LaBrecque argues that although there is a lot of energy to be harnessed from offshore wind, it is highly inefficient compared to heat pumps and smart grid technology, particularly when considering Maine winters.

 

According to LaBrecque, the only time having offshore wind would be beneficial would be during the winter months when houses need far more electricity for heat. During the rest of the year homes don’t use as much electricity, meaning that excess electrical energy created by the turbines would have to be stored. Because electrical energy doesn’t store as well as natural gas or oil it would be far less efficient.

 

“You still need oil for those cold days, the coldest parts of the year because the liquid fuel in your cellar is equivalent to seven Maine Yankee nuclear power plant running for 30 days,” LaBrecque said. “One gallon of gasoline has 36 kilowatt hours of energy whereas one Nissan Leaf has 660 pounds of batteries that only stores electrical energy for 24 kilowatt hours. So you get less energy storage from 100 times the weight.”

 

Instead of focusing on wind, LaBrecque believes that there are far better alternatives. Heat pumps are refrigeration units that take air from outside and energize it so that it can heat homes. These pumps operate at 300 percent efficiency, meaning that, without disobeying the laws of physics, they can electrically convert the cold air coming into the pump and release it as hot air n the other side.
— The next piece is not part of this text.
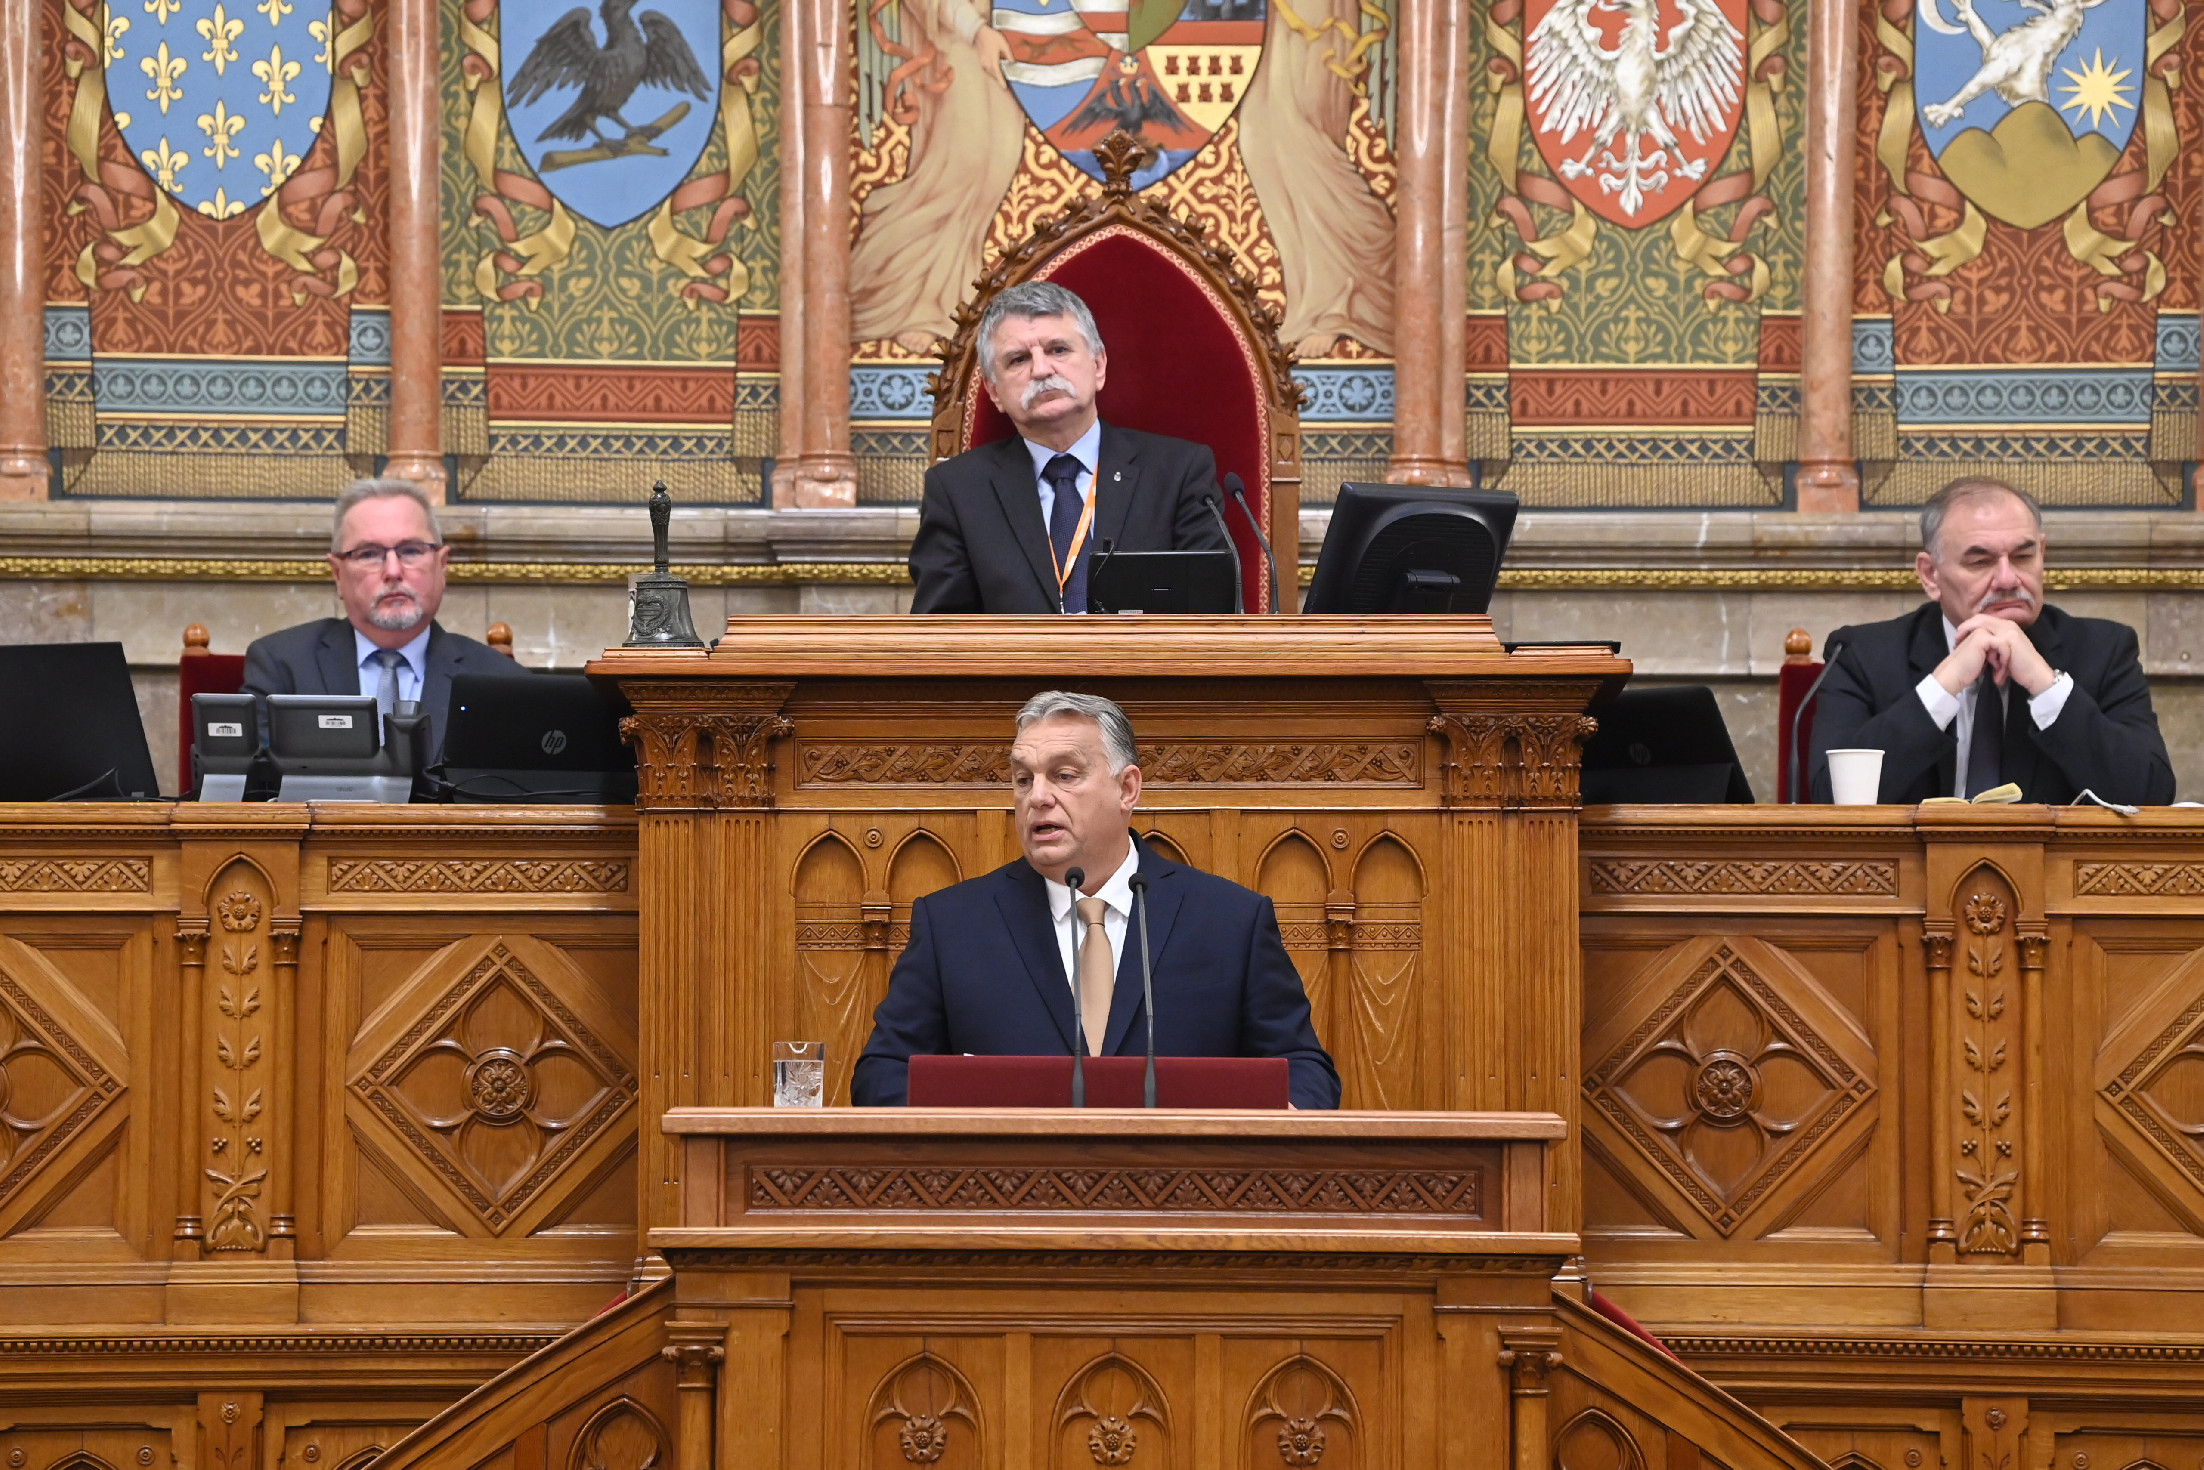 Csaknem 860 ezer forinttal lehet több Orbán Viktor fizetése márciustól

According to LaBrecque, some heat pump units developed within the last couple of years have been capable of pulling heat out of air as cold as -400 degrees fahrenheit.

 

“Four hundred thirty four thousand [households] in Maine have oil,” LaBrecque said. “If a plant goes down in the winter, with a smart grid you can shut down a bunch of heat pumps and the house reverts back to oil. So now, all of the electrical generators can be utilized which will drop the cost of electricity below what it is today.

 

“You can draw 40 percent more electricity across power lines in the winter than you can in the summer because the lines are refrigerated,” LaBrecque said. “If you have twice the amount of kilowatts going over the lines, your distribution cost is going to be halved because the [energy] cost is fixed.”

 

One other alternative that has been explored in the past is large scale hydropower from Canada. Hydro-Quebec is a government owned hydroelectric facility that is capable of producing up to 36,000 megawatts of electricity, 98 percent of which is created through use of water. Also, their export price for electricity would be the same as natural gas, which is lower than the 23 cents per kilowatt hour offered by offshore wind.

 

“The people of this state … all think windmills are going to replace oil. It’s coming from an uninformed public,” LaBrecque said. “Everybody wants a simple solution. Just build this great big mammoth thing and our problems are gone. People don’t have a perspective of what they’re buying here. People don’t understand that they aren’t going to get off oil by building these windmills.”

 

With so much money on the line, it is important to proceed with caution with projects such as this. A failure could leave Maine in worse condition than it is now. However, if this venture into offshore wind is successful, it could revolutionize the alternative energy industry on a global level and create an entirely new market with thousands of new jobs here in Maine, catapulting the state to the forefront of global alternative energy: a truly exciting prospect.